Hello,
I have an application that populates the Reply-To header and sends the e-mail to the list. Under very specific conditions, Mailman may malform this Reply-To header. What I found out is that the second address must match the pattern "Some Name" <a.b0@example.com>. The e-mail is properly formatted when it gets into Mailman, but when it is sent out to list members, it gets malformed to Some@serverhostname.example.com. Some more info: the first address name is UTF-8 encoded and then "Some Name" wraps into the other line at the middle.
I tried to reproduce it like this: Reply-To: =?utf-8?b?QUFBQUFBQUFBQUFBQUFBQUFBQUFBQUFBQUFBQUFBQUFBQUFBQQo=?= < list@example.org>, "Some Name" <a.b0@example.com>
But the problem is not triggered. The problem seems to only present when I send the mail from the application, and so it would be easy to blame the app, but again when I check the queue files, it seems to send the e-mail correctly. It really seems to be a problem with Mailman, I just can't find the exact conditions to trigger it.
For privacy reasons I can not share the exact copy of the e-mails on the list, but would it be possible to send it privately so devs could find out where might be the problem?
Best regards, MegaBrutal
On 12/14/25 4:00 PM, MegaBrutal via Mailman-users wrote:
I tried to reproduce it like this: Reply-To: =?utf-8?b?QUFBQUFBQUFBQUFBQUFBQUFBQUFBQUFBQUFBQUFBQUFBQUFBQQo=?= < list@example.org>, "Some Name" <a.b0@example.com>
Folding on white spase within a quoted string is allowed by RFC 5322.
For privacy reasons I can not share the exact copy of the e-mails on the list, but would it be possible to send it privately so devs could find out where might be the problem?
You can send it off list to me.
-- Mark Sapiro <mark@msapiro.net> The highway is for gamblers, San Francisco Bay Area, California better use your sense - B. Dylan
MegaBrutal via Mailman-users writes:
What I found out is that the second address must match the pattern "Some Name" <a.b0@example.com>. The e-mail is properly formatted when it gets into Mailman, but when it is sent out to list members, it gets malformed to Some@serverhostname.example.com.
This looks more like the kind of thing that an MTA sometimes does, rather than Mailman.

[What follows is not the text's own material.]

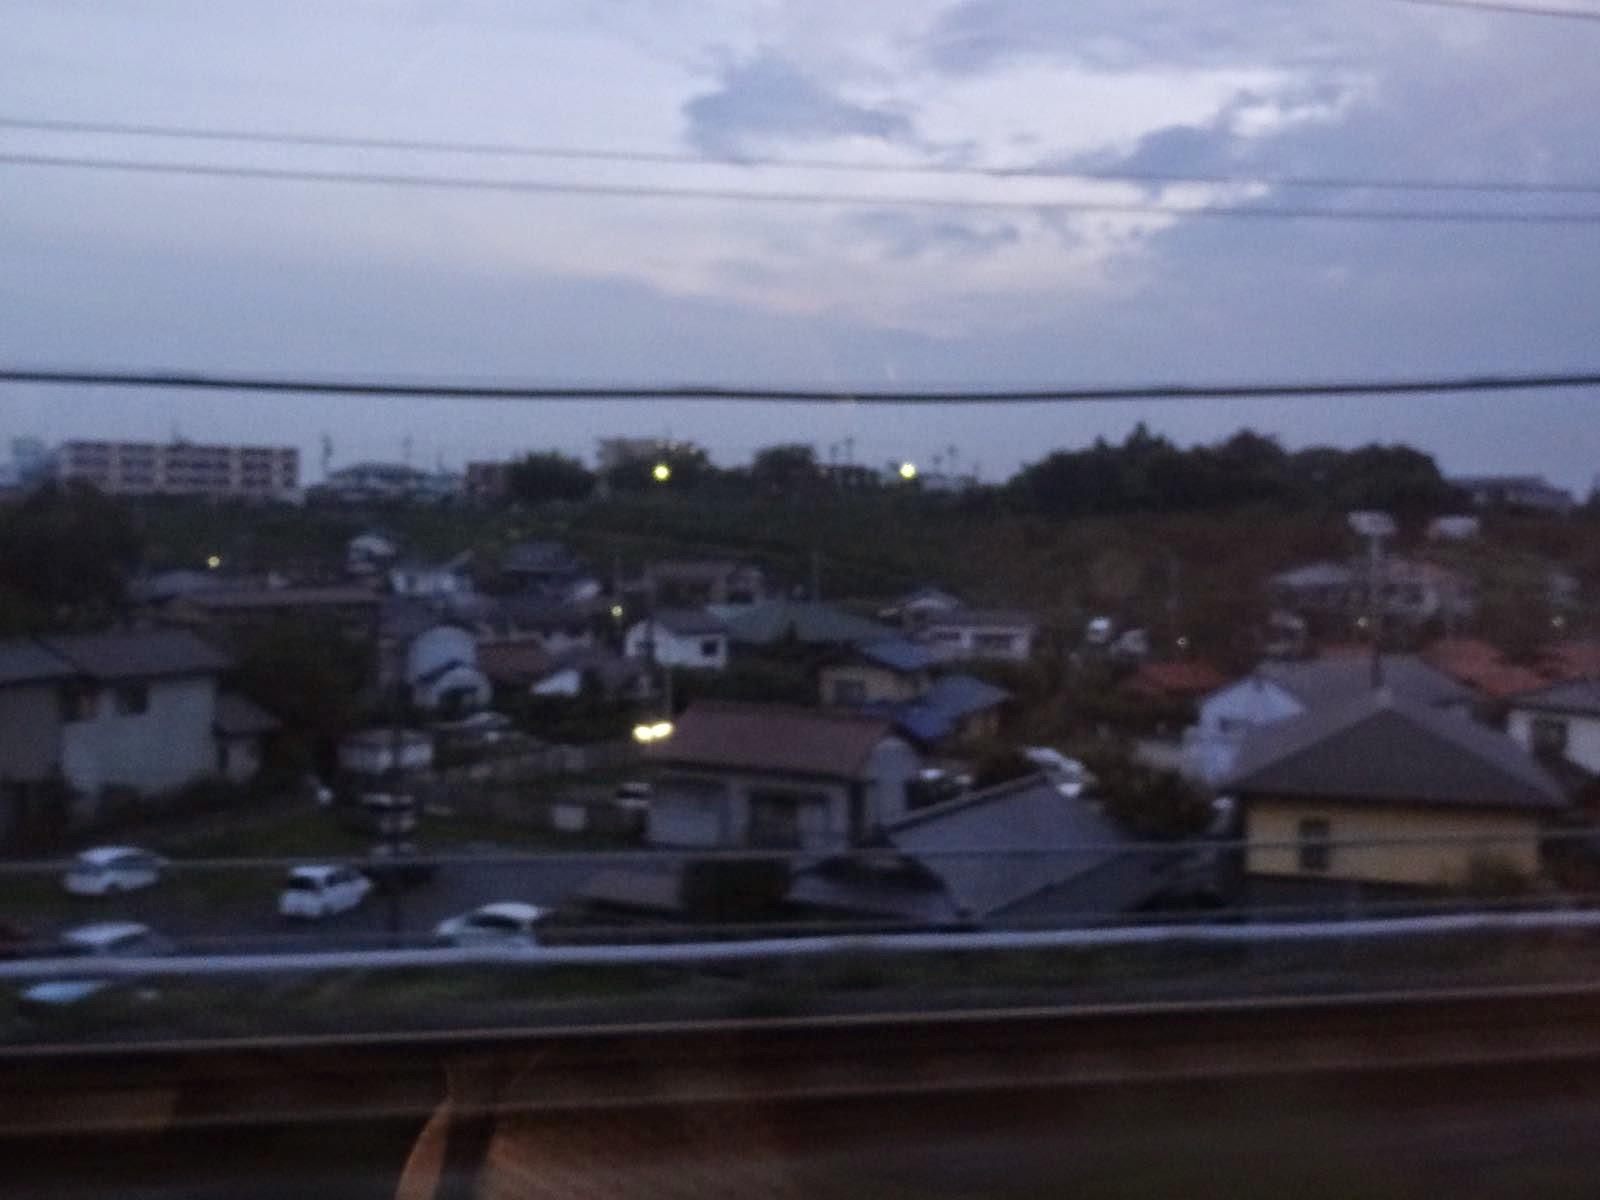 The sun was setting near Chiba

Mailman does not modify addresses ever as far as I know, although in some cases it will substitute a different, fixed address for the original one in the message. (The three cases I know of are rewriting From to contain the list address for anonymous lists and DMARC mitigation, and it can be configured to substitute a fixed address in Reply-To.) Mailman doesn't do the kind of editing you describe, as far as I'm aware.
Is example.com your domain? If you can look at the MTA configuration for that domain, check for address rewriting in the configuration.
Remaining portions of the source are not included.